The queue length (avgqu-sz) can also be used as an indicator to measure the system I/O load. However, because avgqu-sz is based on the average per unit time, therefore, it cannot reflect the instantaneous I/O flood.
A good example for others (I/O system vs supermarket queue)
For example, how can we decide which payment platform to pay when queuing for checkout at the supermarket? First, let's look at the number of people in the queue. is the total number of five people faster than 20? In addition to the number of people, we often look at the number of items purchased by the previous person. if there is a big mom who has purchased food for a week, we can consider changing the team. There is also the cashier's speed. if you have a newbie who doesn't even know about the money, you will have to wait. In addition, the timing is also very important. it may be 5 minutes ago, but the money was crowded, and now people go to the building, but it is refreshing to pay the money. of course, the premise is that what has been done in the past five minutes is more meaningful than queuing (but I have not found anything boring than queuing ).

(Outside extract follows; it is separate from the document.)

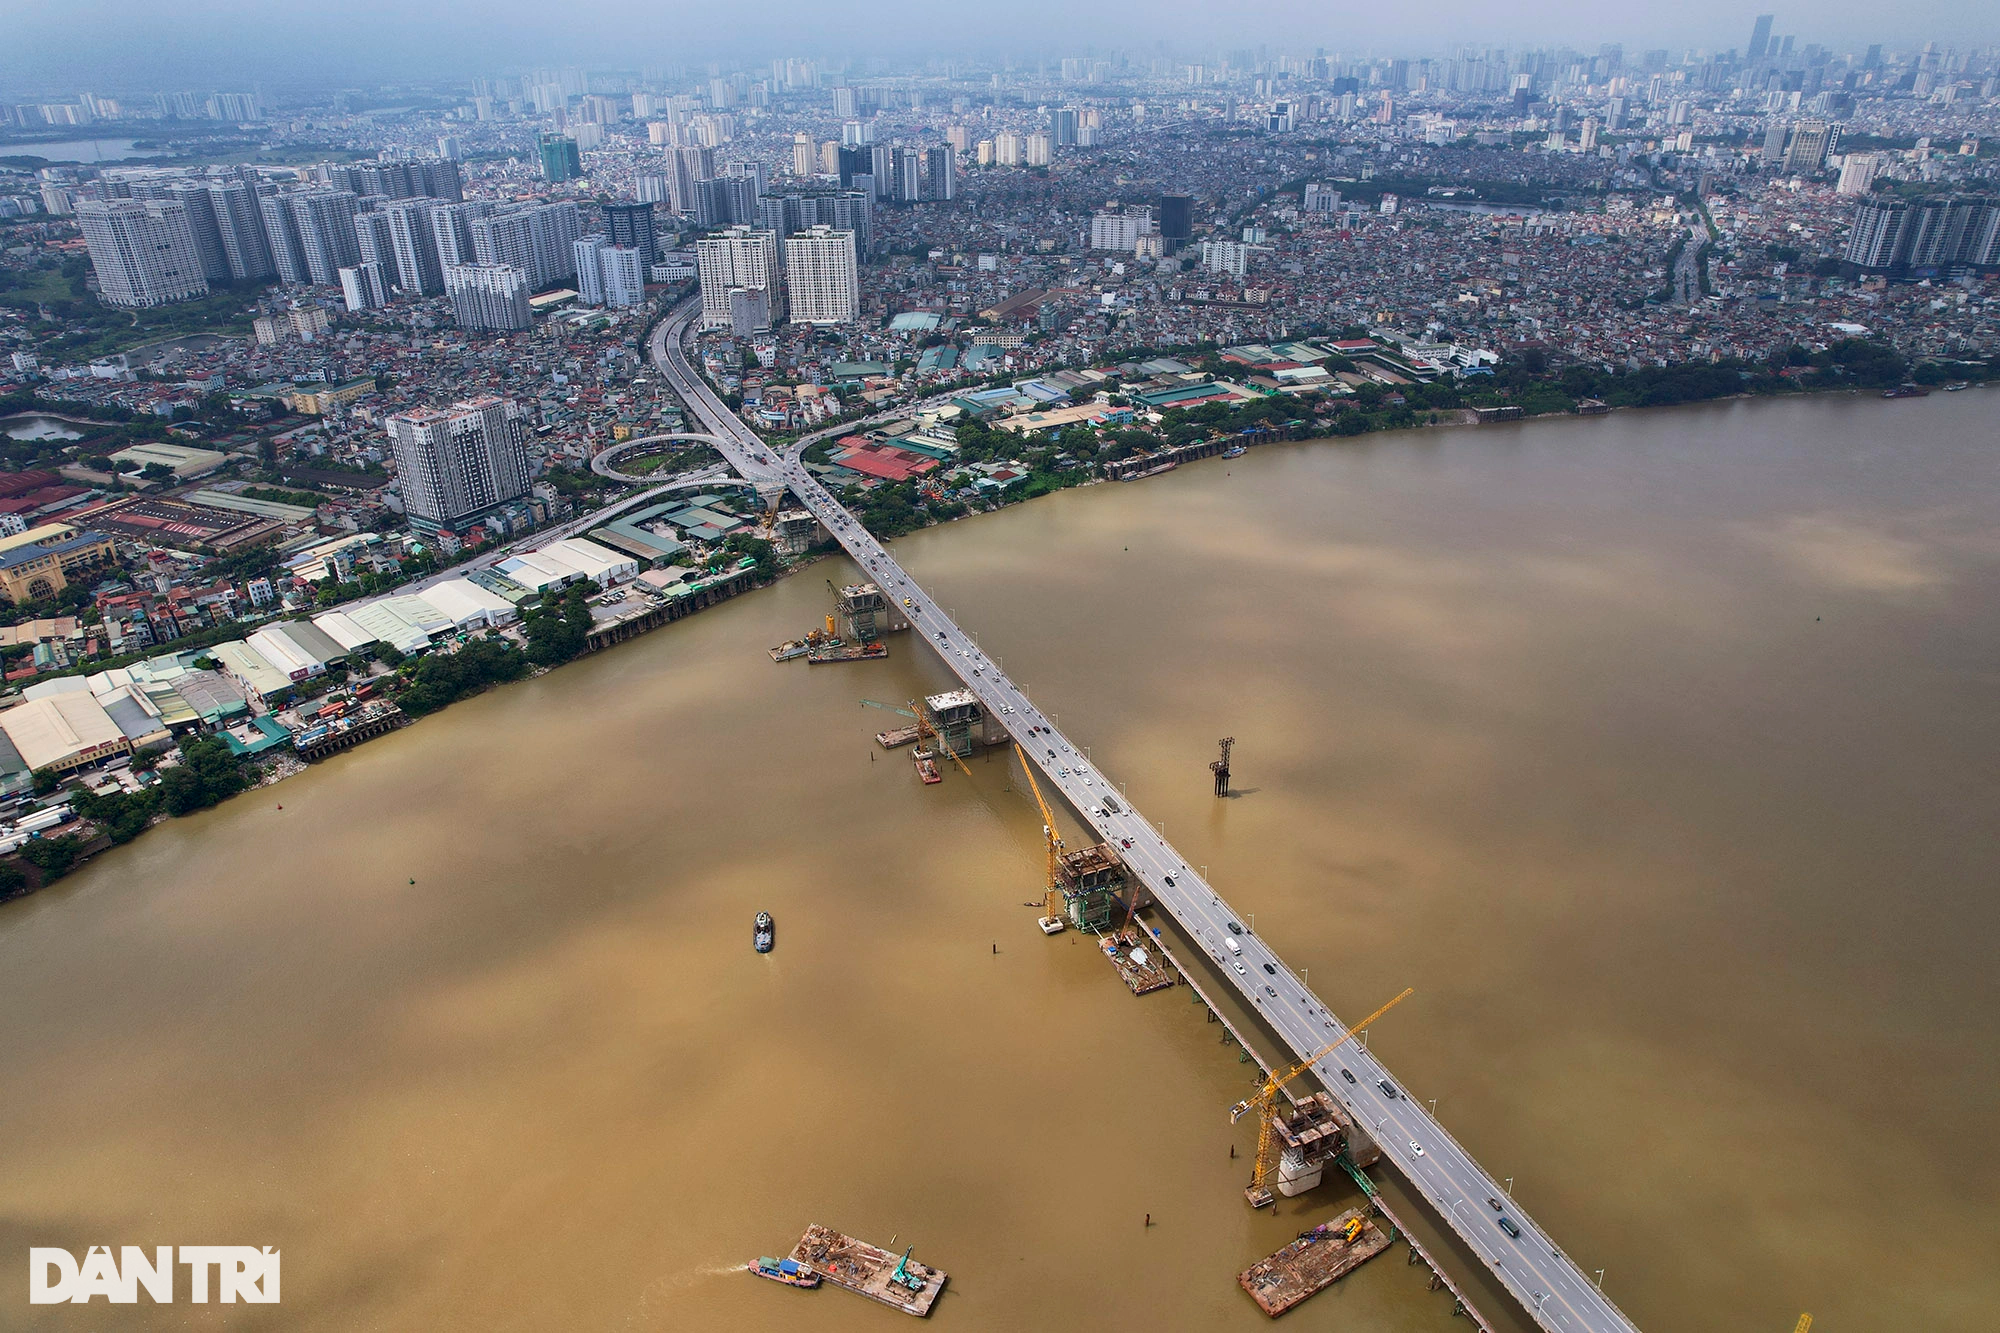 Ngắm 6 cầu qua sông Hồng tại Hà Nội - 17

I/O systems have many similarities with supermarket queues:
R/s + w/s is similar to the total number of payers
The average queue length (avgqu-sz) is similar to the number of average queues per unit time.
The average service time (svctm) is similar to the cashier's collection speed
The average wait time (await) is similar to the average wait time of each person
Average I/O data (avgrq-sz) is similar to the average number of items bought by each person
The I/O operation rate (% util) is similar to the time ratio in which someone queues before the cashier.

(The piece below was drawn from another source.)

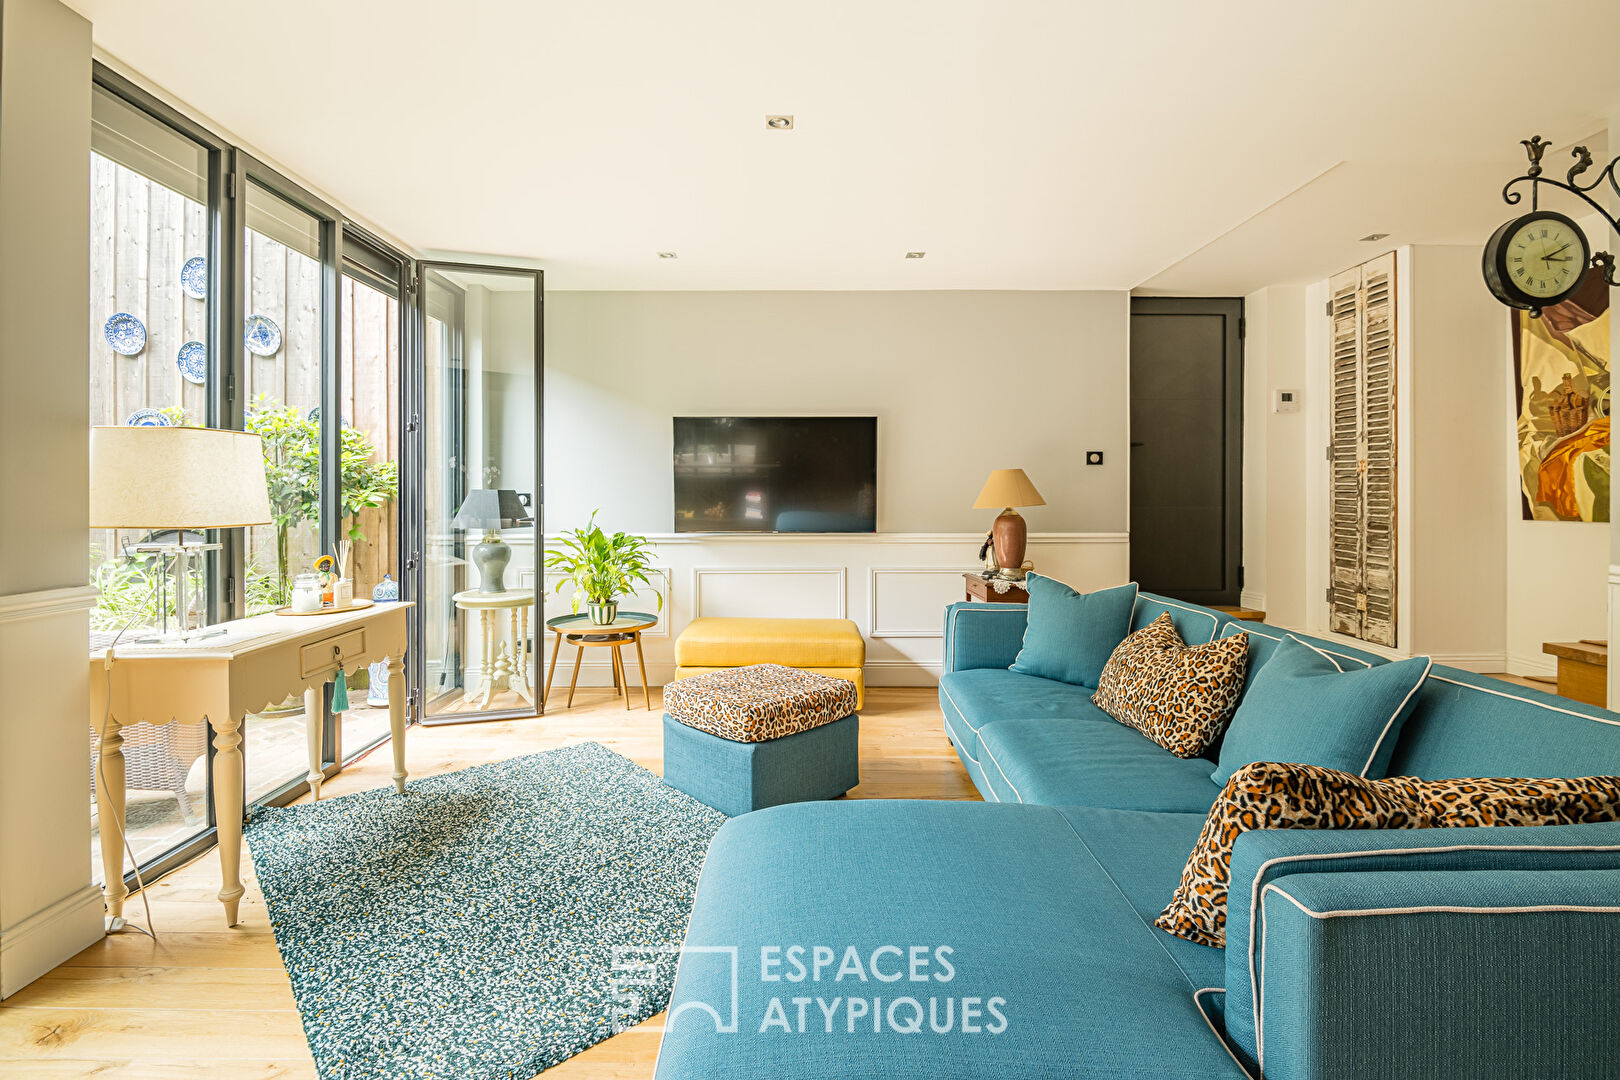 Duplex apartment with terraces in Bordeaux

We can analyze the I/O request mode and the I/O speed and response time based on the data.
The following is an analysis of the output of this parameter written by someone else.
# Iostat-x 1
Avg-cpu: % user % nice % sys % idle
16.24 0.00 4.31 79.44
Device: rrqm/s wrqm/s r/s w/s rsec/s wsec/s rkB/s wkB/s avgrq-sz avgqu-sz await svctm % util
/Dev/cciss/c0d0
0.00 44.90 1.02 27.55 8.16 579.59 4.08 289.80 20.57 22.35 78.21 5.00 14.29
/Dev/cciss/c0d0p1
0.00 44.90 1.02 27.55 8.16 579.59 4.08 289.80 20.57 22.35 78.21 5.00 14.29
/Dev/cciss/c0d0p2
0.00 0.00 0.00 0.00 0.00 0.00 0.00 0.00 0.00 0.00 0.00 0.00 0.00
The iostat output above indicates that 28.57 device I/O operations are performed in seconds: total IO/s = r/s (read) + w/s (write) = 1.02 + 27.55 = 28.57 (times/second), where the write operation occupies the main body (w: r = 27 ).

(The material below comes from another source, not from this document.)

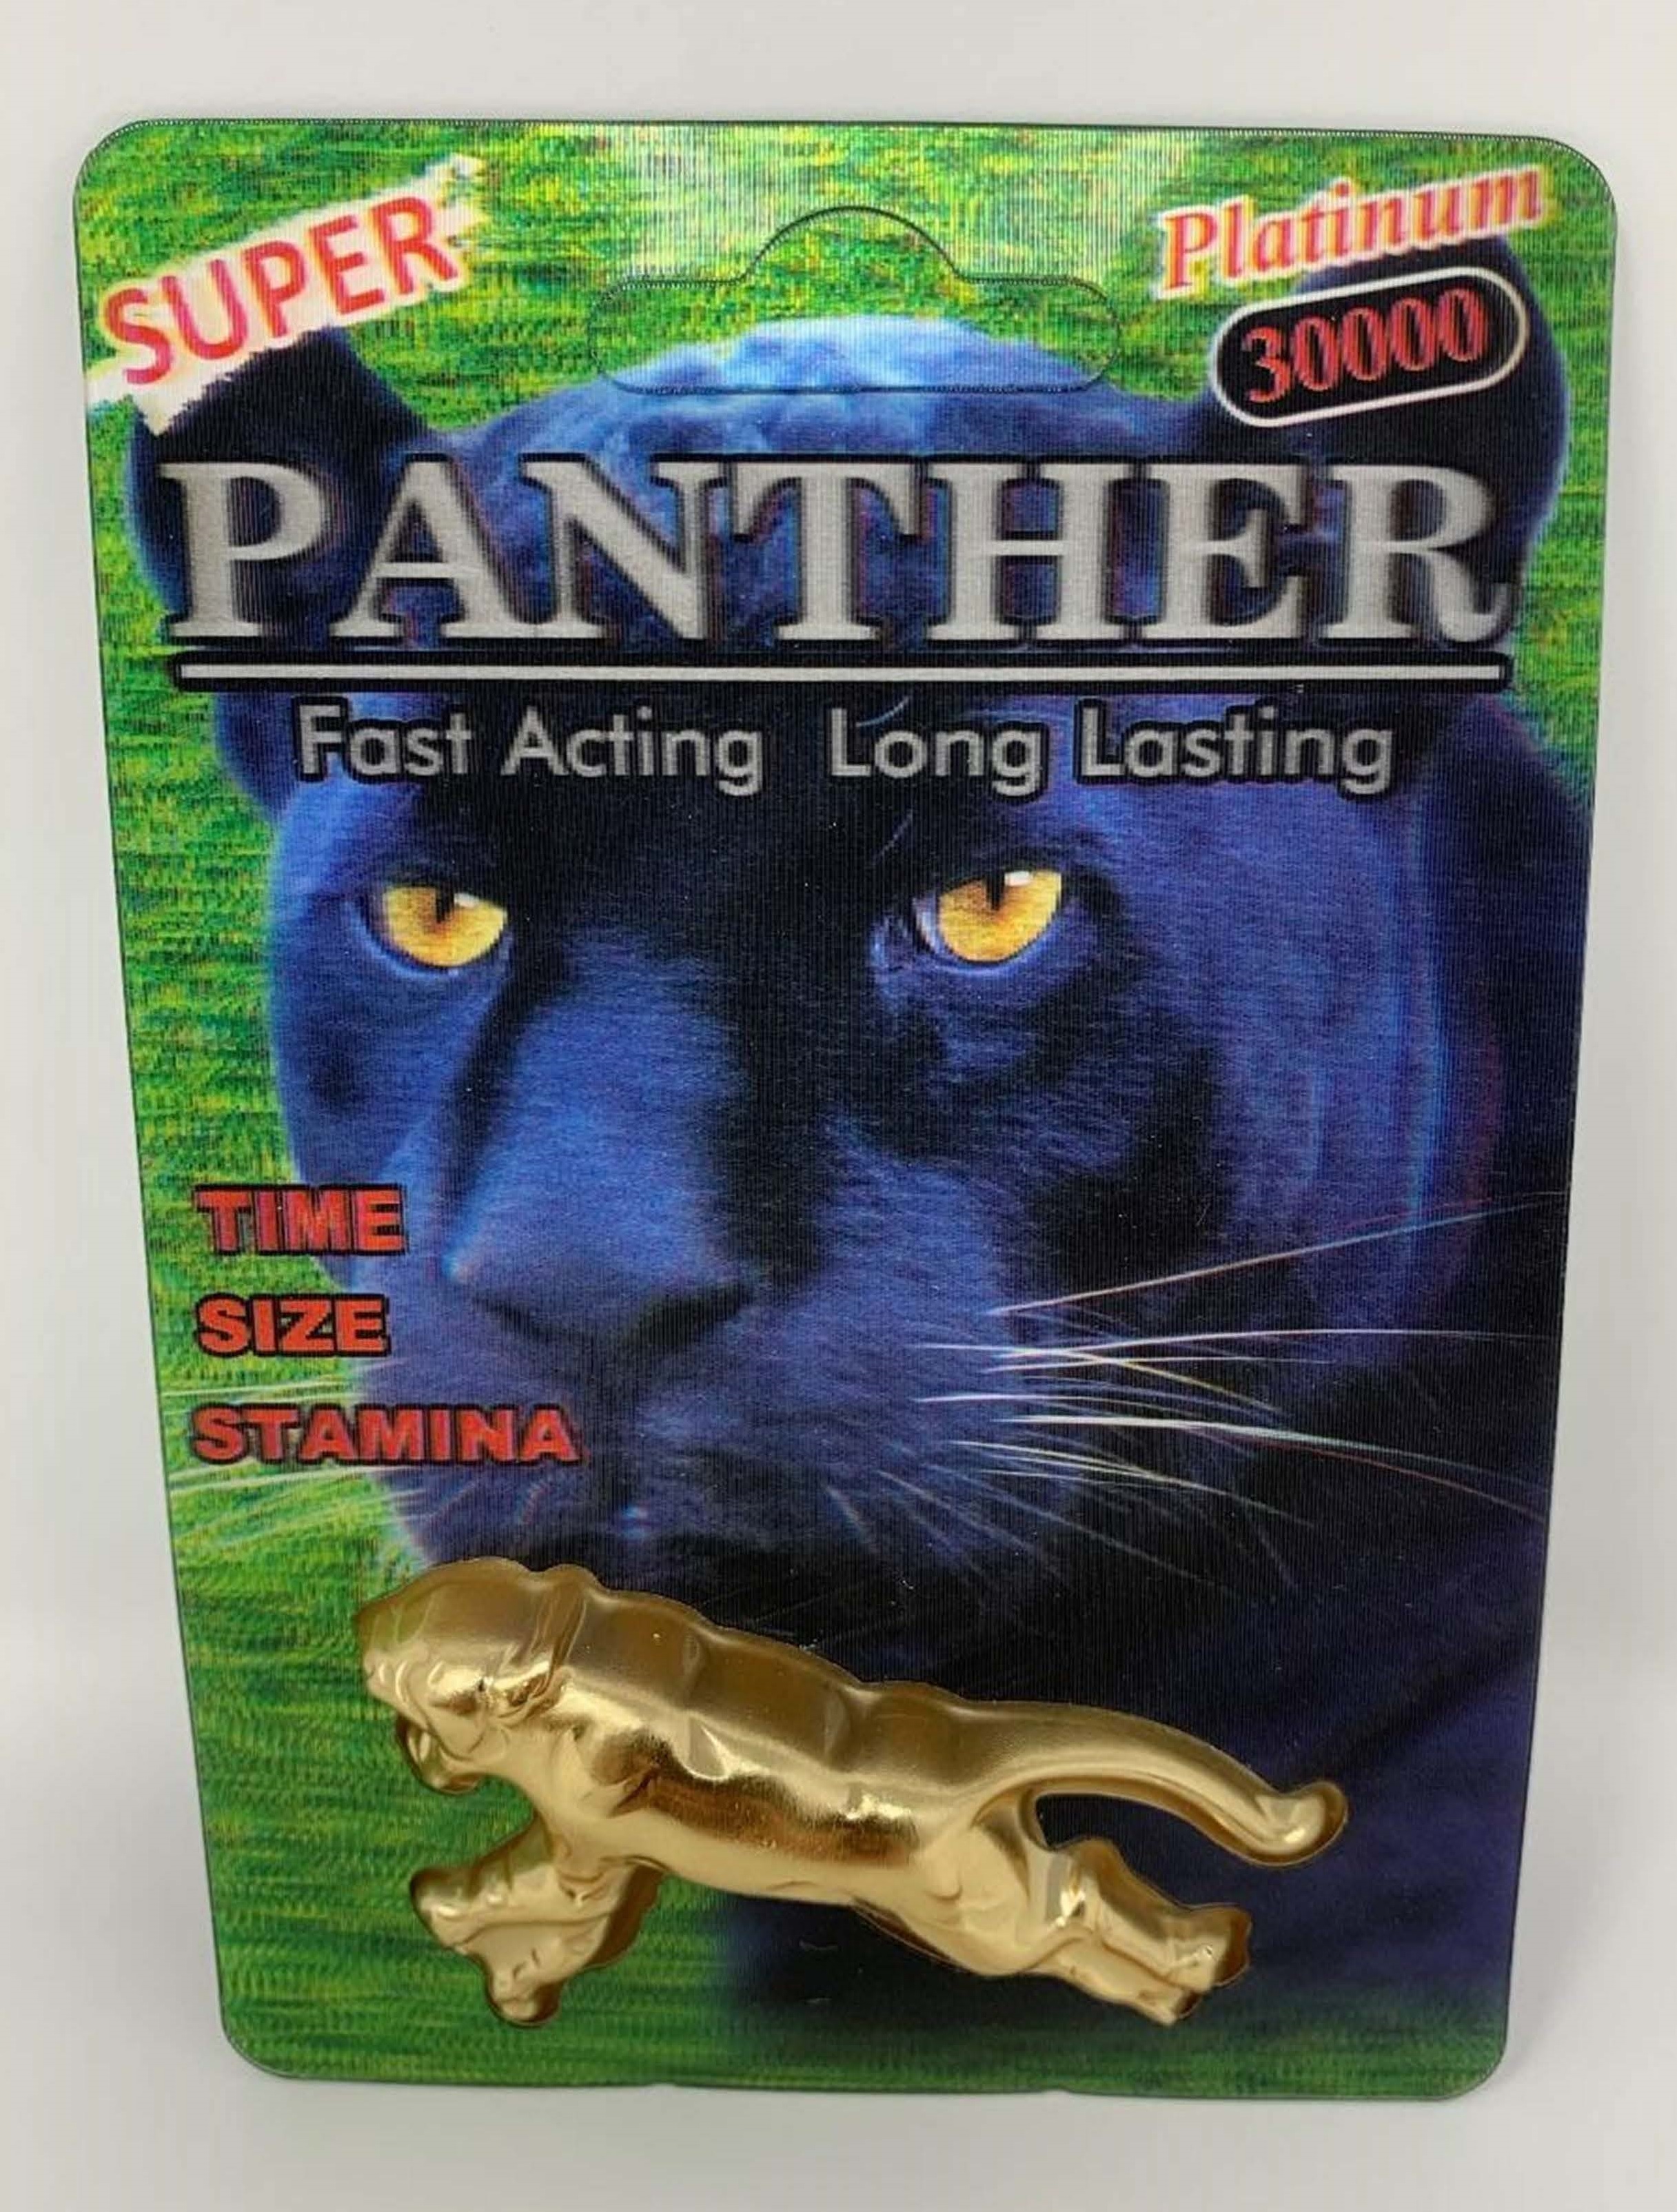 Billede af det ulovlige produkt: Panther Platinum 30000

On average, only 5 ms is required for each device I/O operation, but 78 ms is required for each I/O request. why? Because too many I/O requests are sent (about 29 requests per second), assuming these requests are sent at the same time, the average wait time can be calculated as follows:
Average wait time = single I/O service time * (1 + 2 +... + Requests-1)/total requests
Application to the above example: average wait time = 5 ms * (1 + 2 +... + 28)/29 = 70 ms, which is very close to the average waiting time of 78 ms given by iostat. This in turn indicates that I/O is initiated at the same time.
There are many I/O requests per second (about 29), but the average queue is not long (only about 2). This indicates that the arrival of these 29 requests is uneven, i/O is idle most of the time.
In one second, 14.29% of the time I/O queues have Requests. that is to say, the I/O system has nothing to do in 85.71% of the time, all 29 I/O requests are processed within 142 milliseconds.
Delta (ruse + wuse)/delta (io) = await = 78.21 => delta (ruse + wuse)/s = 78.21 * delta (io) /s = 78.21*28.57 = 2232.8, indicating that I/O requests per second need to wait for a total of 2232.8 ms. Therefore, the average queue length should be 2232.8 ms/1000 ms = 2.23, while the average queue length (avgqu-sz) provided by iostat is 22.35. why? Because there is a bug in iostat, the avgqu-sz value should be 2.23 instead of 22.35.
※Note: When I use iostat to detect servers, I usually use the iostat-d command. the returned results are generally followedTps, blk_read/s, and blk_wrth/sThese three types of servers are generally used for comparative testing in the same environment. in this way, the performance difference will suddenly come out.